The Difference Between Code That Works and Code That Lasts
by Eric Hanson, Backend Developer at Clean Systems Consulting
The Two-Year Test
Most code that "works" was written under a specific set of assumptions: this team, this load profile, this set of requirements, these upstream systems. When those assumptions hold, the code is fine. When they change — and they will change — you find out what the code was actually built for.
The difference between code that works and code that lasts is how many assumptions are baked in silently, how expensive those assumptions are to change, and whether the code communicates its dependencies on those assumptions to future readers.
This is not an argument for writing code that anticipates every possible future. That's overengineering and has its own costs. It's an argument for being deliberate about which assumptions you're making and making them visible.

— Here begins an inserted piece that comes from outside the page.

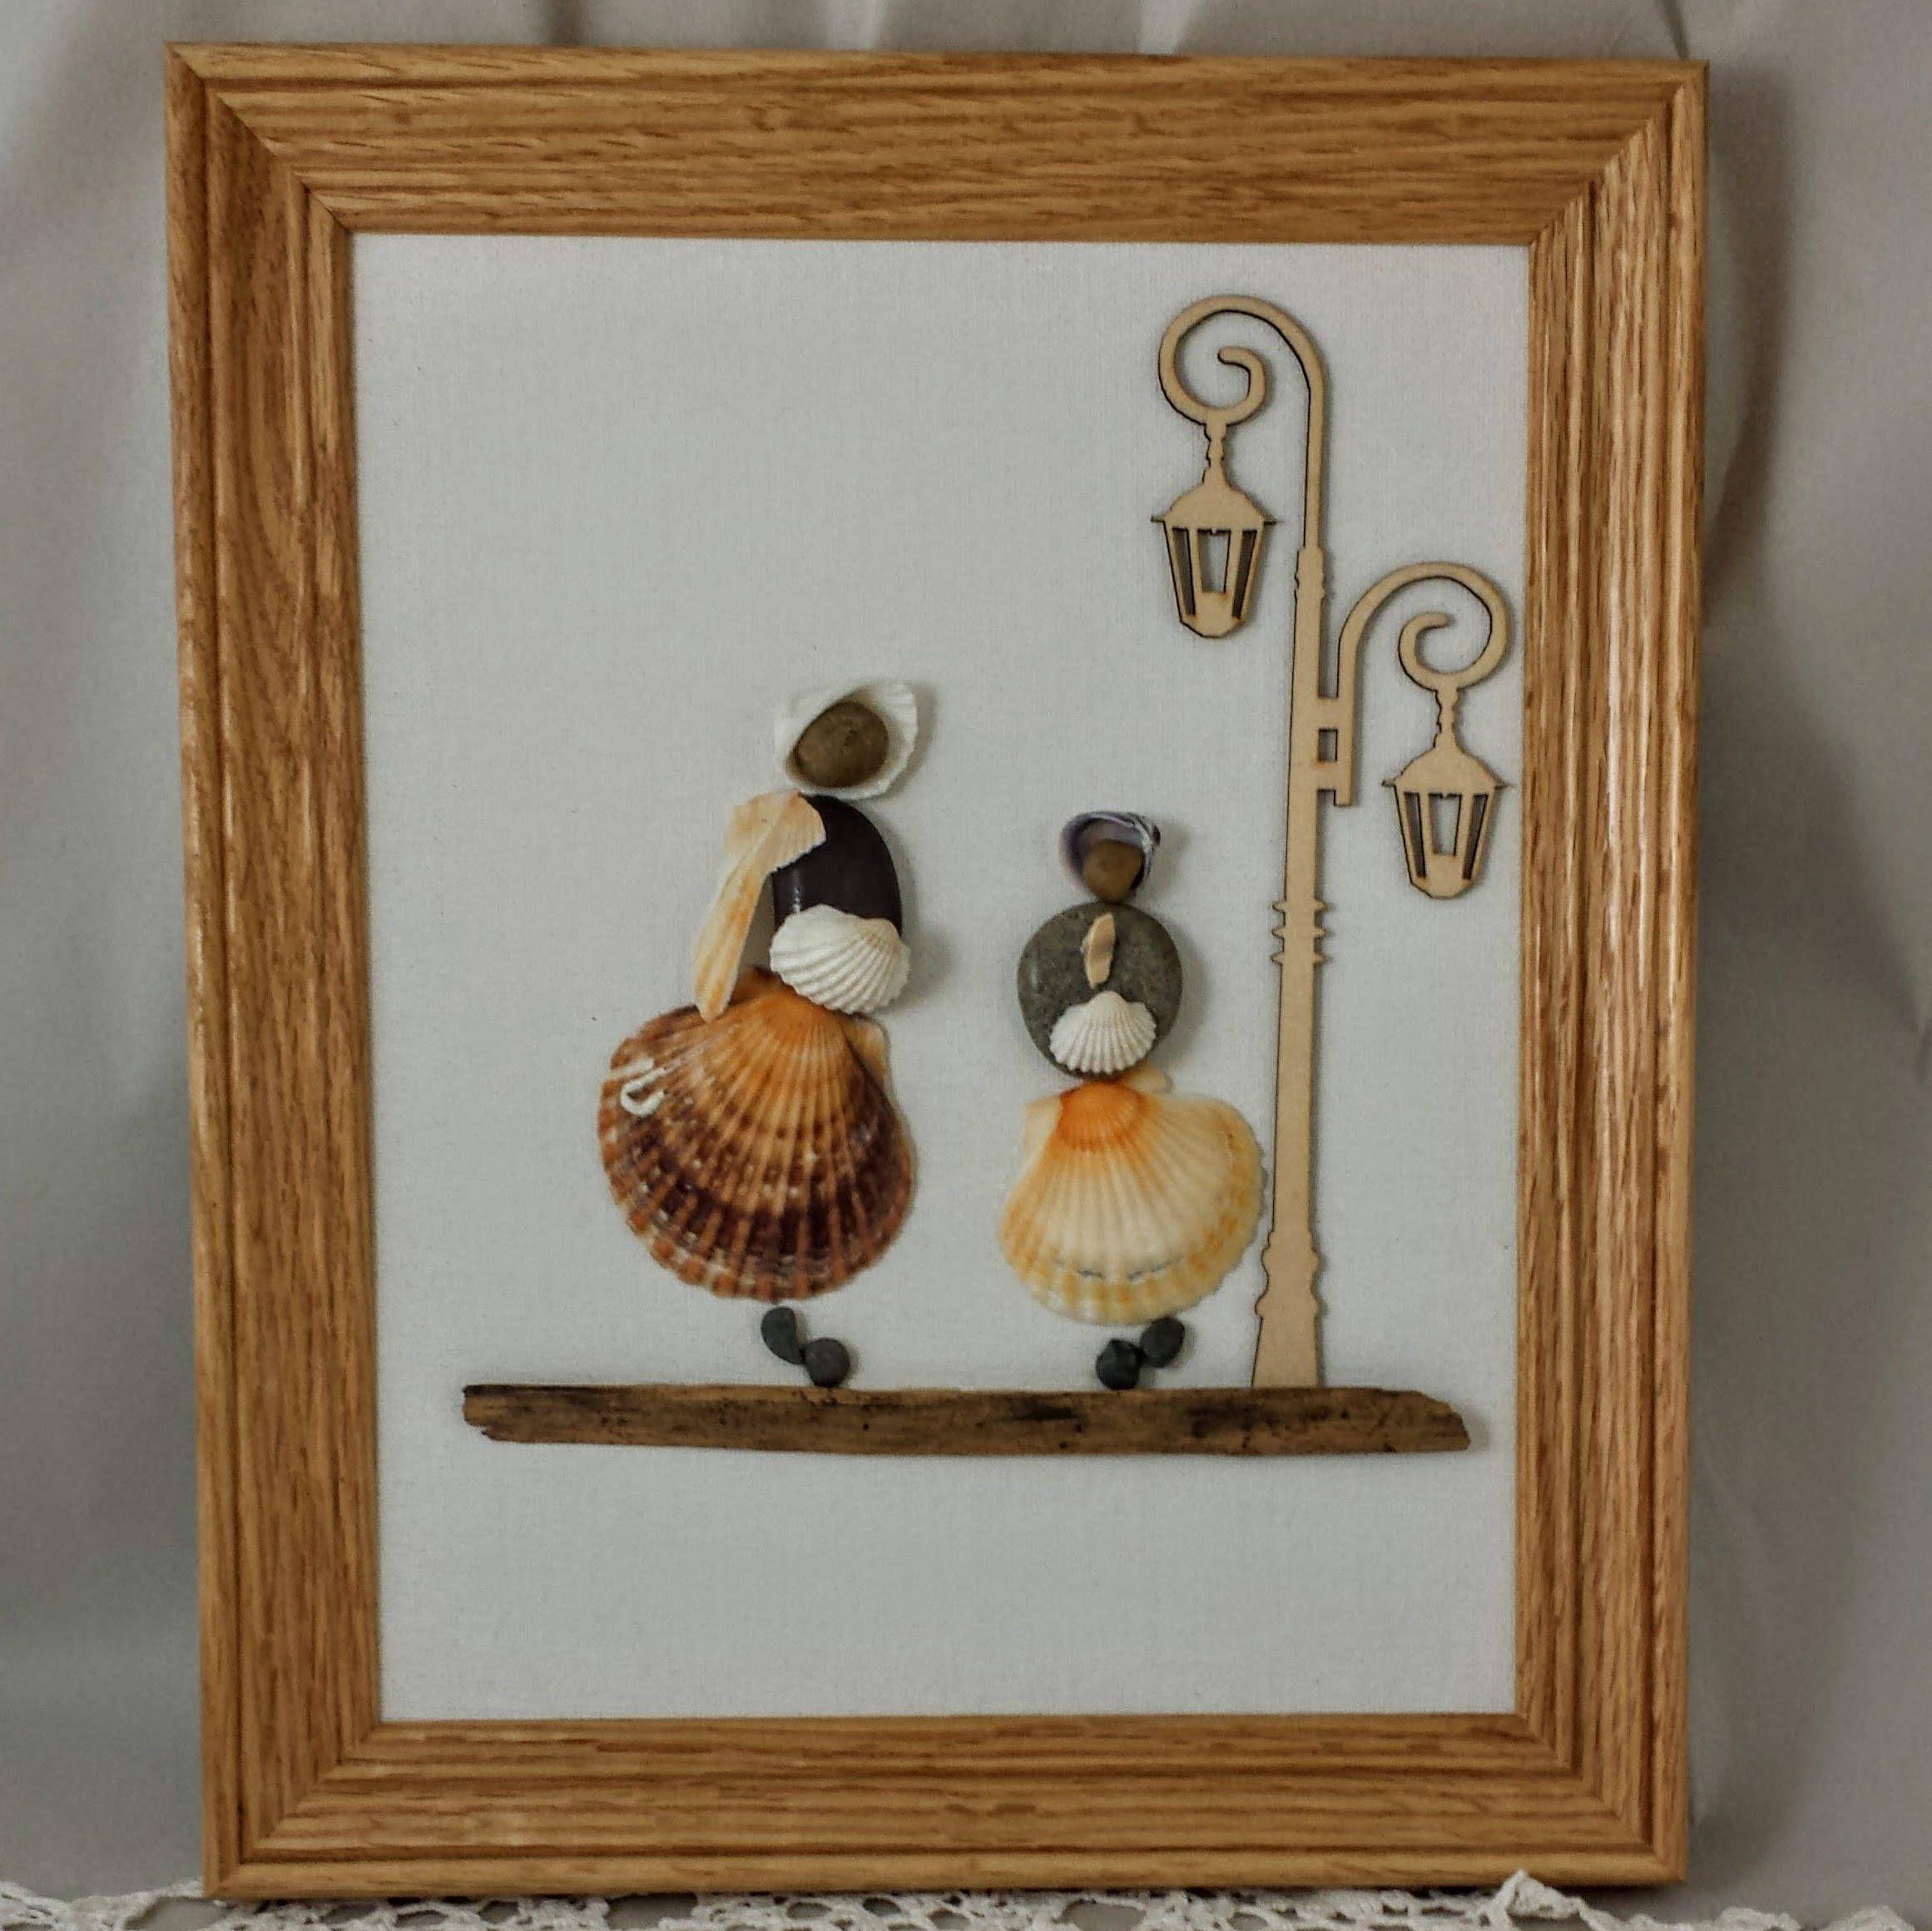 Pebble art shell art frame canvas mother daughter mom mum pebble art shell art frame canvas mother daughter mom jeuxipadfo Choice Image

The Categories of Silent Assumptions
When code fails to last, the failure usually traces back to one of a few assumption categories:
Data shape assumptions: Your service receives a JSON payload and accesses payload.user.address.city directly. Works perfectly until the upstream team restructures their payload — at which point your service throws NPEs and nobody immediately understands why. The assumption was that this path always exists. A defensive deserializer with clear error messages when required fields are absent would have made the assumption explicit and the failure legible.
Load assumptions: A background job that runs fine at 1,000 records takes 45 minutes at 500,000. The algorithm that was good enough at the initial data volume — an O(n²) nested loop that compares every record to every other — becomes a production incident two years later when the table grows. Load assumptions are particularly dangerous because they're invisible at development time.

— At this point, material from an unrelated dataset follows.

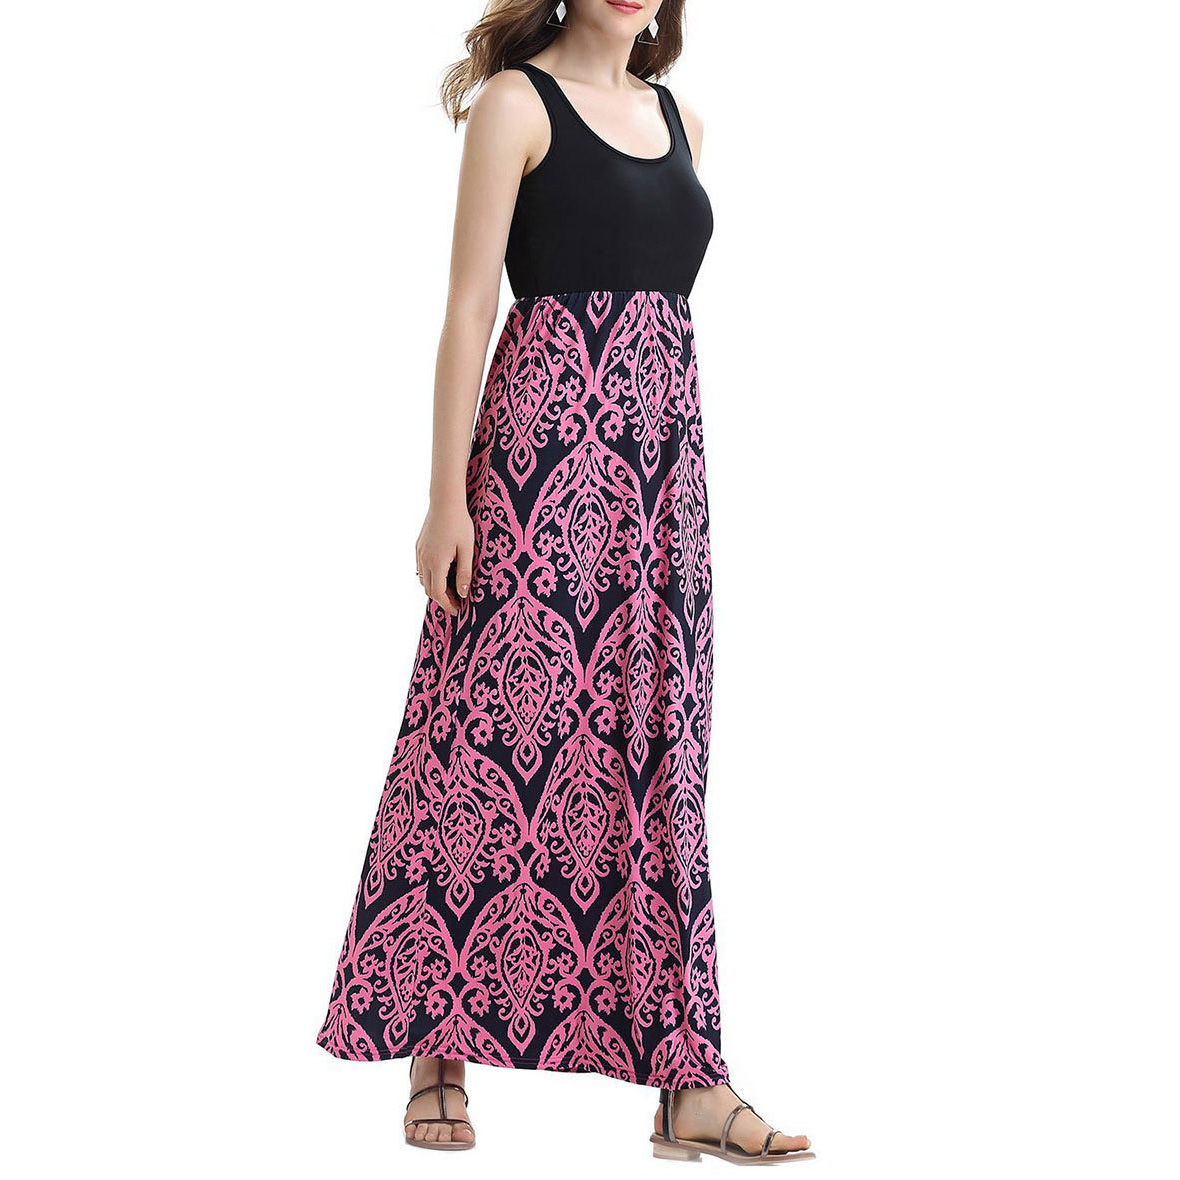 Women Summer Beach Boho Maxi Dress 2018 High Quality Brand Striped Print Long Dresses Feminine Plus Size Loose Casual Dress

Dependency behavior assumptions: Your service assumes the payment API responds in under 500ms, so your connection timeout is 1 second. When the payment provider has a slow day and responses take 2 seconds, your requests time out, your retry logic kicks in, and you've now doubled your traffic to an already-struggling upstream service. The assumption was normal behavior. The 99th percentile was never modeled.

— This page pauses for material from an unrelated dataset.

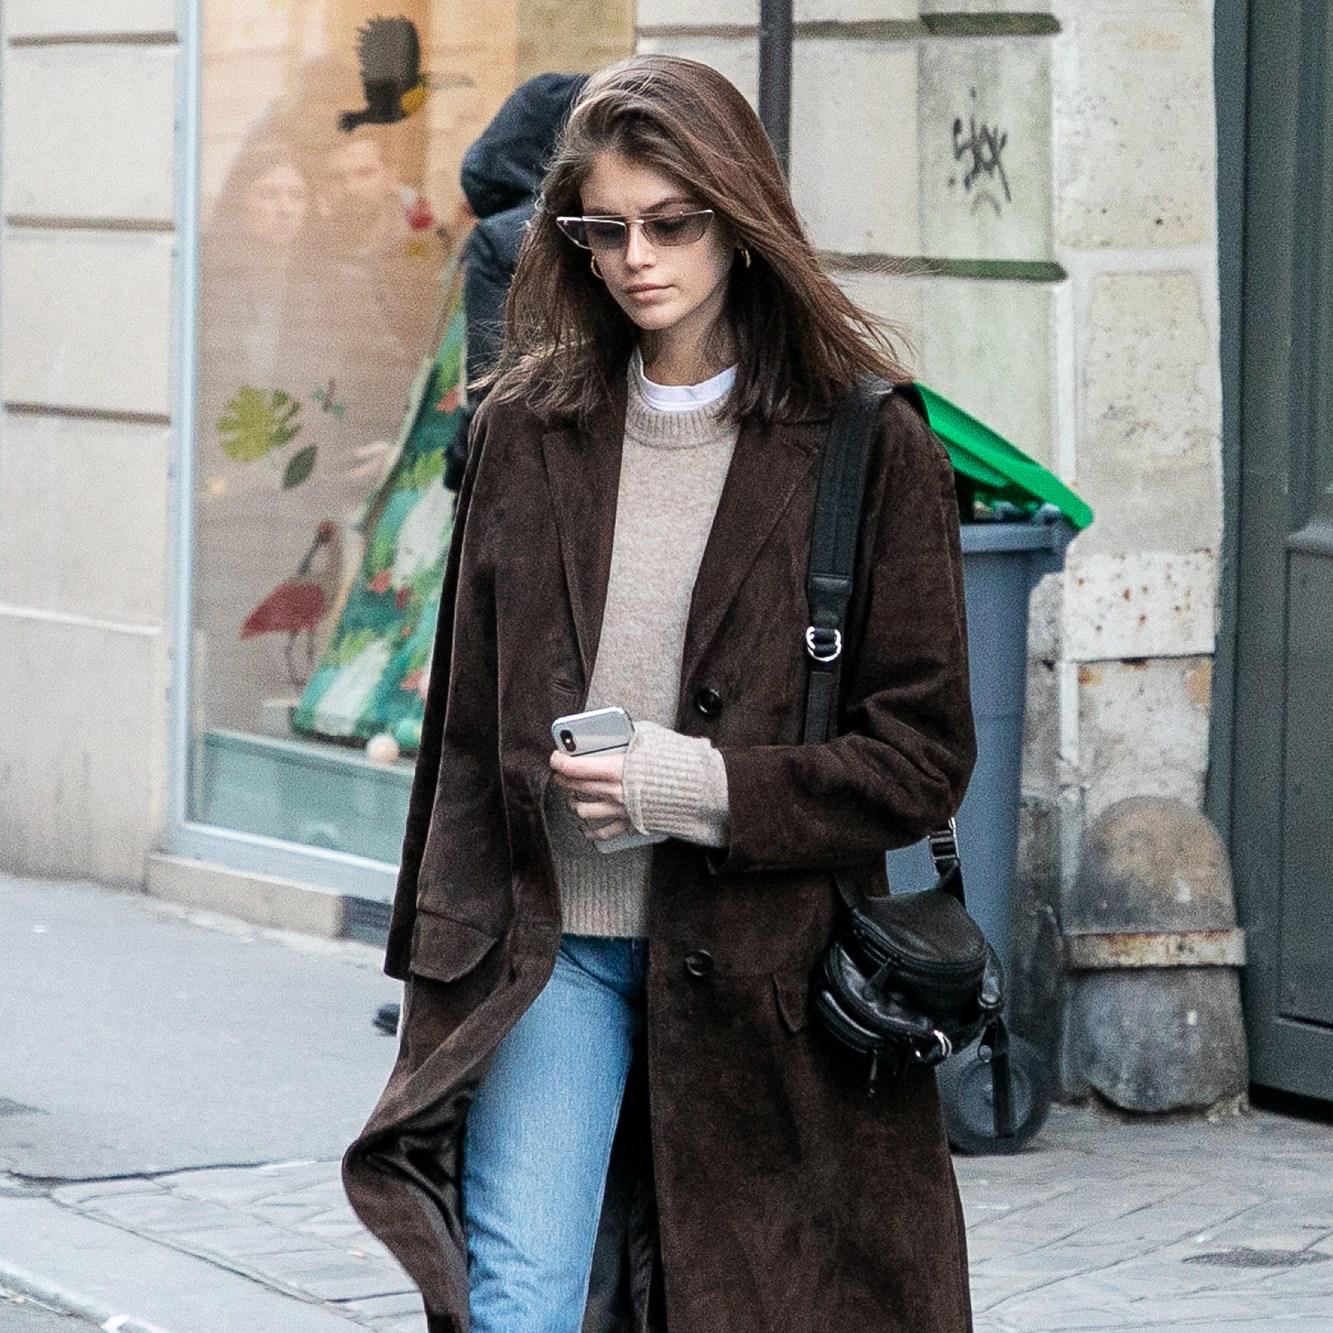 See the Best Celebrity Street Style From Paris Menswear Fall-Winter 2019 Fashion Week

Team knowledge assumptions: Code that requires tribal knowledge to operate safely. The deploy script that works only if you run it from the main branch. The migration that requires manually disabling a constraint first. The cron job that must not run concurrently. None of this was documented because the author knew it — and would always be there to explain it. Until they weren't.
What "Lasting" Looks Like Structurally
Code built to last is not necessarily more complex than code that merely works. Often it's simpler, because it's made explicit decisions about what to support rather than implicitly supporting everything.
// Works: assumes the config key exists and is a valid integer
int timeout = Integer.parseInt(config.get("timeout_ms"));
// Lasts: names the assumption, provides a recoverable default,
// and fails fast with a clear message when the config is wrong
int timeout = config.getInt("timeout_ms")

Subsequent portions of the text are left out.